### SOURCE DATA
◆ ◆ ◆ ◆
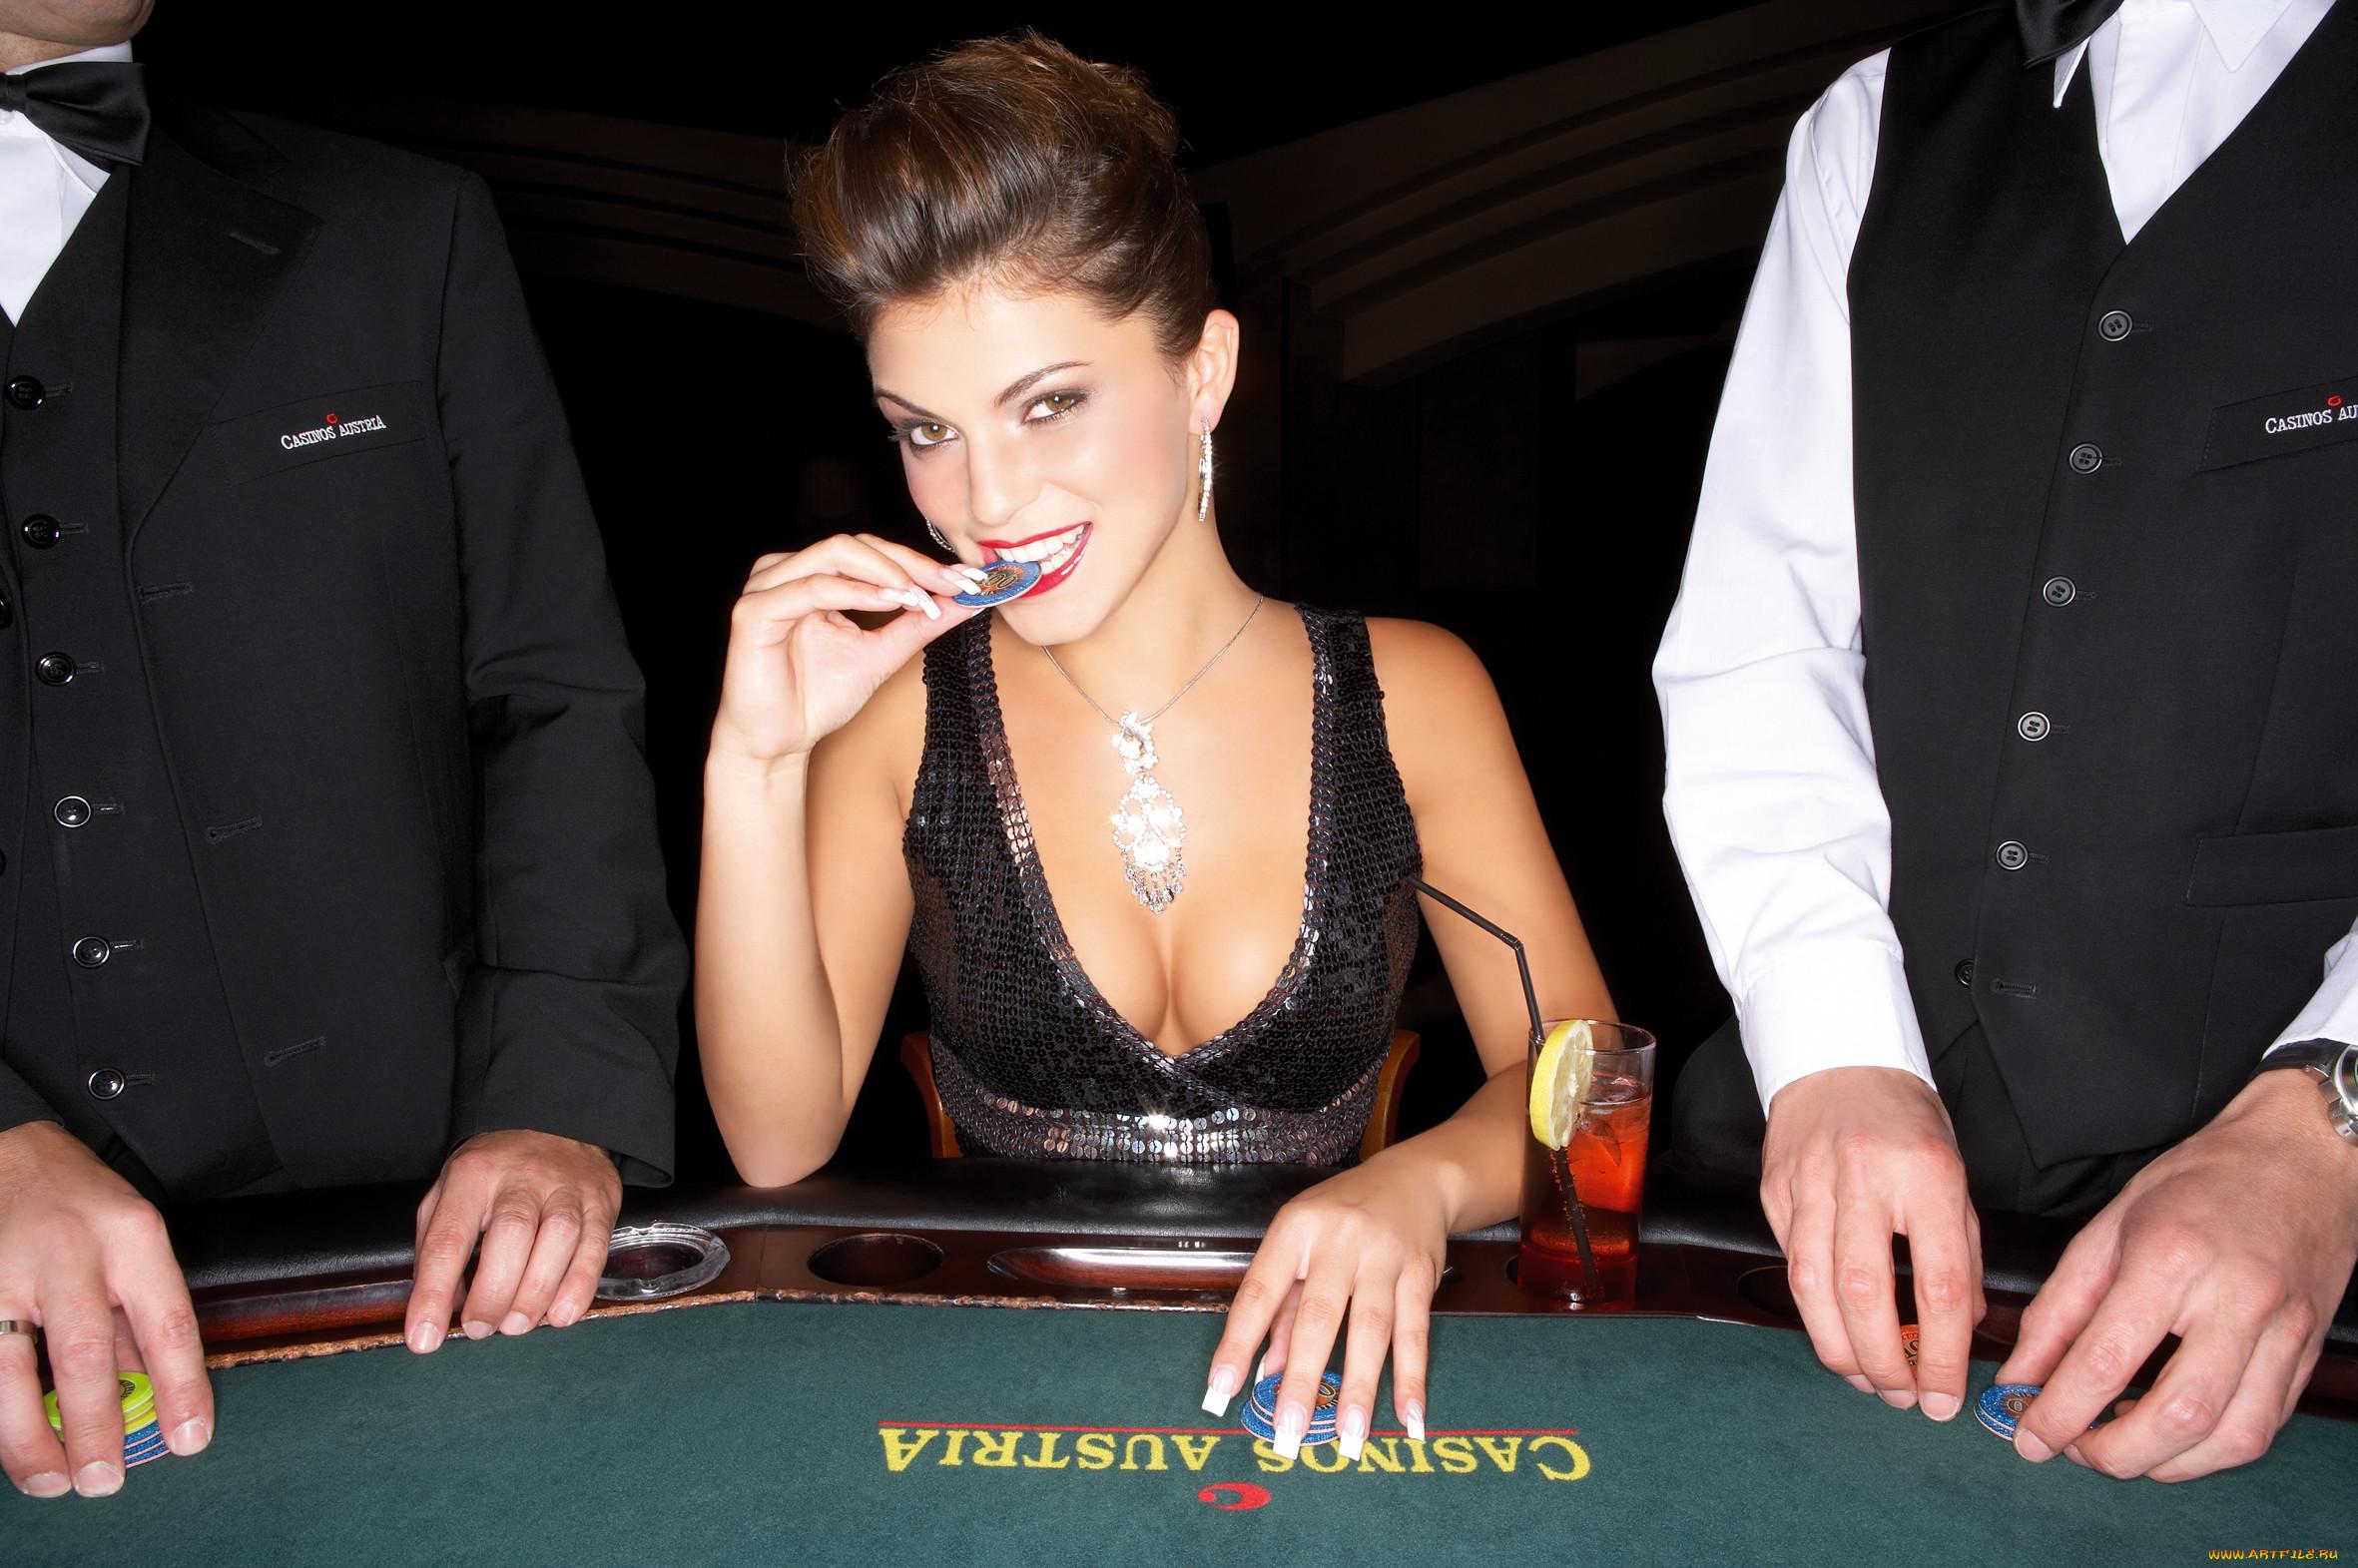 Фото девушки в казино 11 фотография
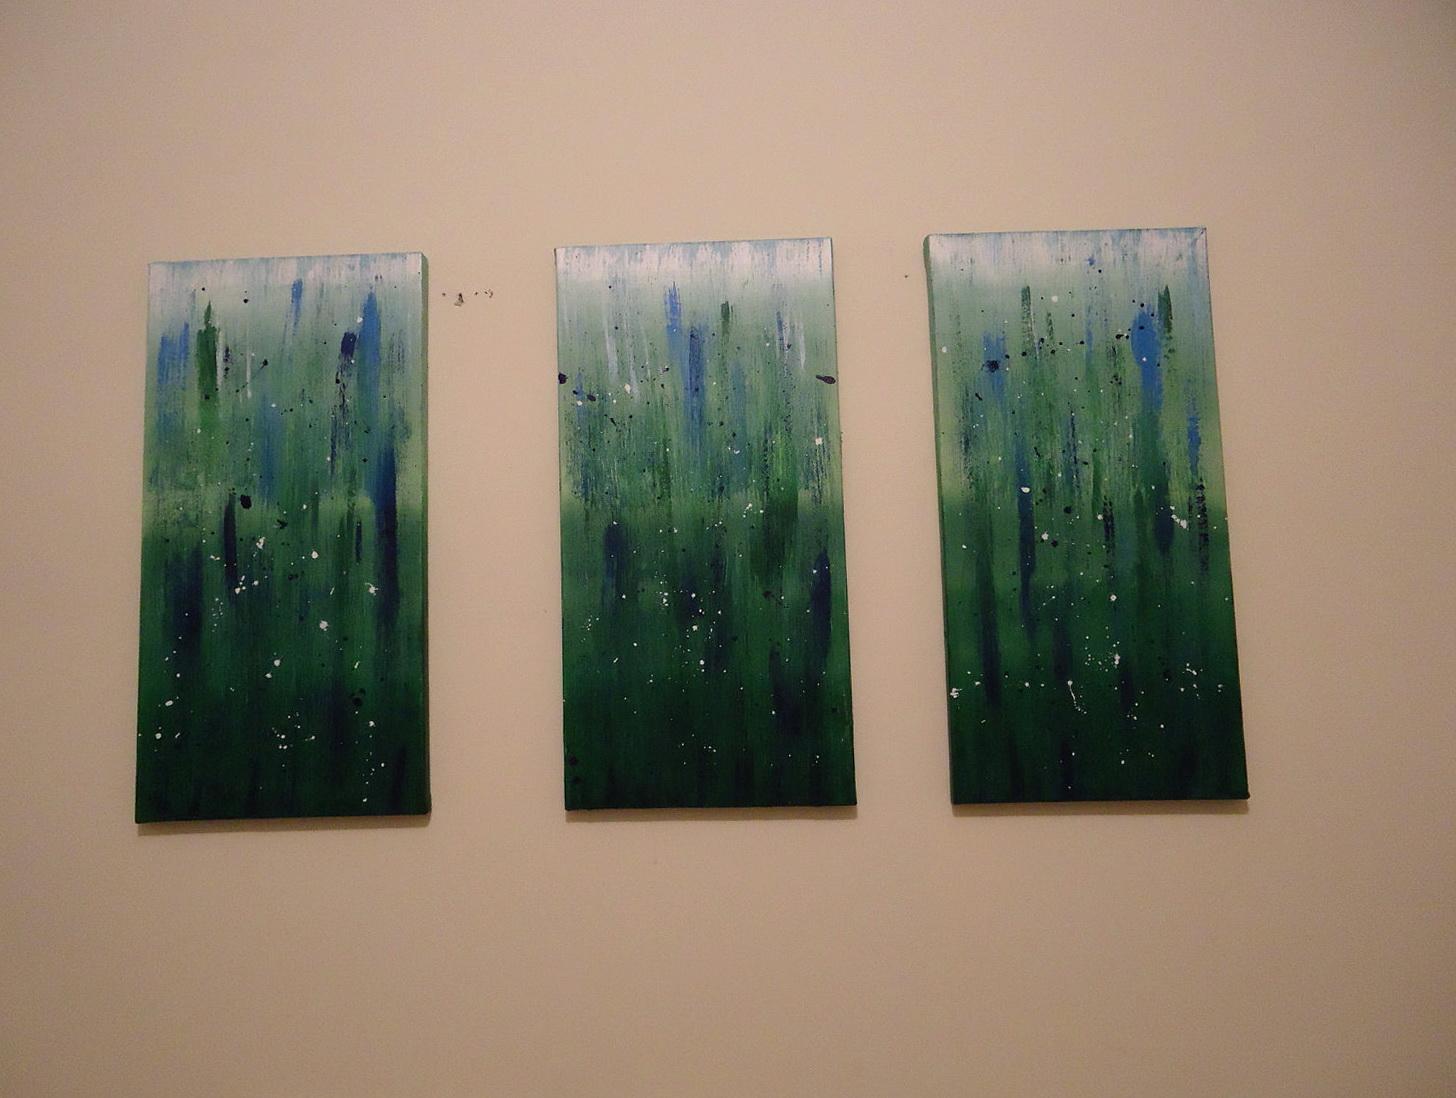 3 Piece Canvas Wall Art Target
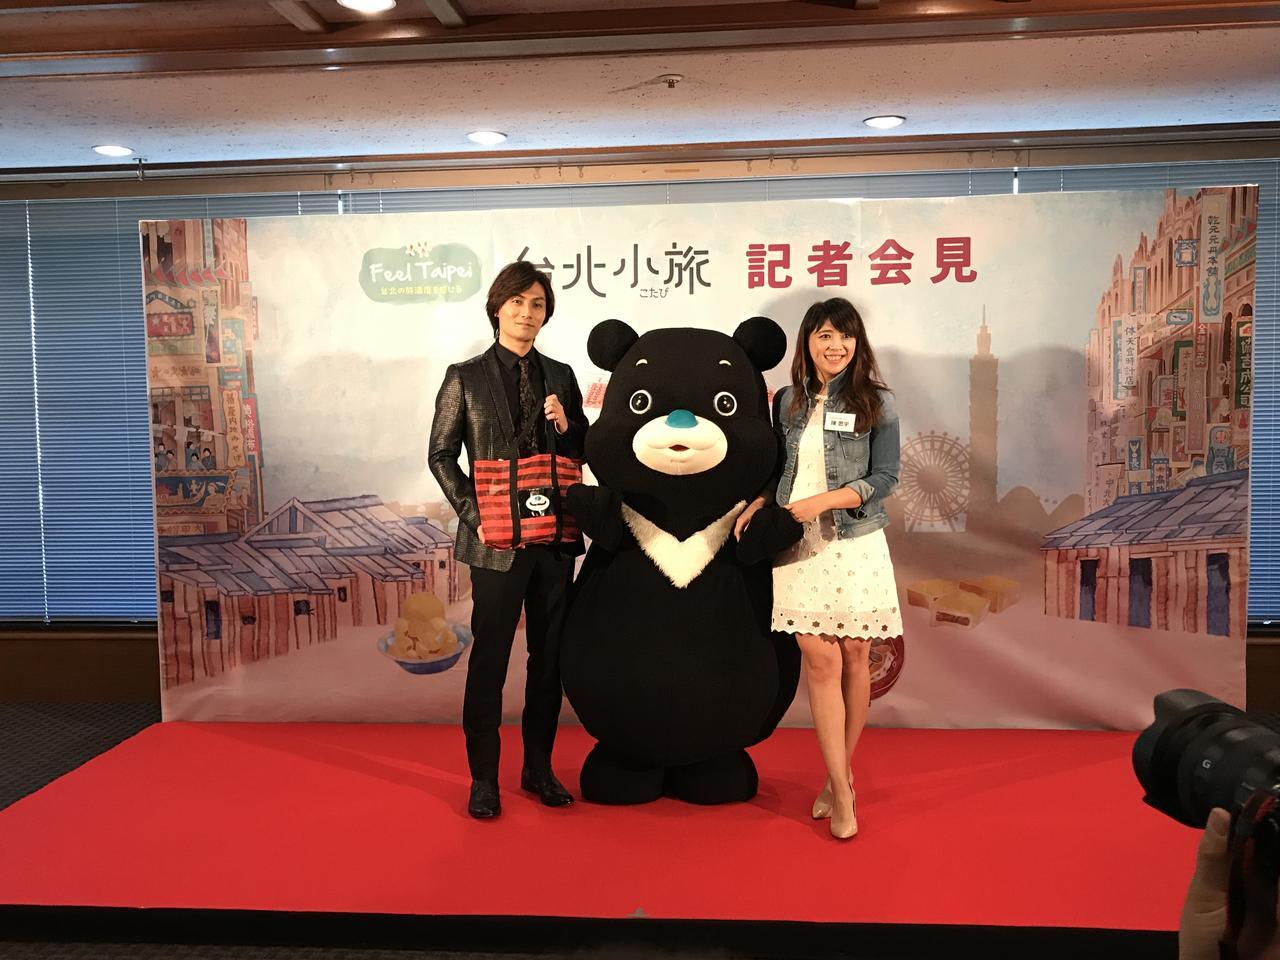 画像: 左から、台北観光大使に就任した加藤和樹氏、熊讚Bravo (ブラボー)、陳思宇(チン シウ)氏。
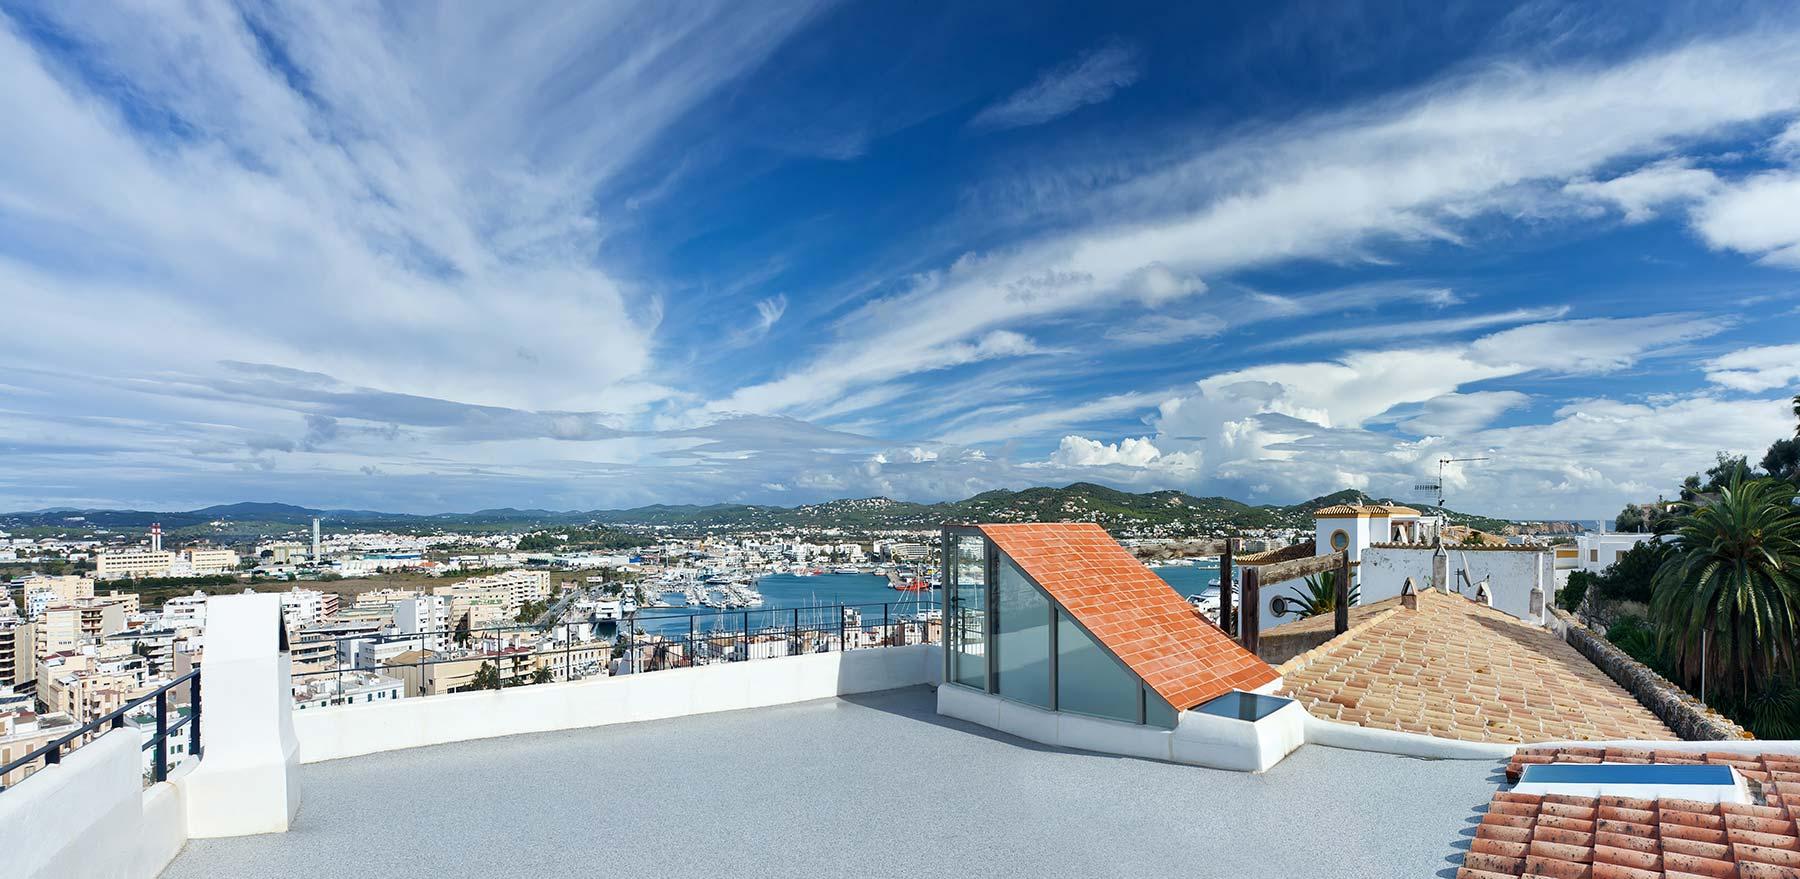 Townhouse in Ibiza Dalt Villa for sale
◆ ◆ ◆ ◆
### PROBLEM TO SOLVE
Copy exactly the lines from the line that holds "画像: 左から、台北観光大使に就任した加藤和樹氏、熊讚Bravo (ブラボー)、陳思宇(チン" to the end of the listing, both included. Leave the pictures out.

### ANSWER FOR THIS EXERCISE
 画像: 左から、台北観光大使に就任した加藤和樹氏、熊讚Bravo (ブラボー)、陳思宇(チン シウ)氏。
 Townhouse in Ibiza Dalt Villa for sale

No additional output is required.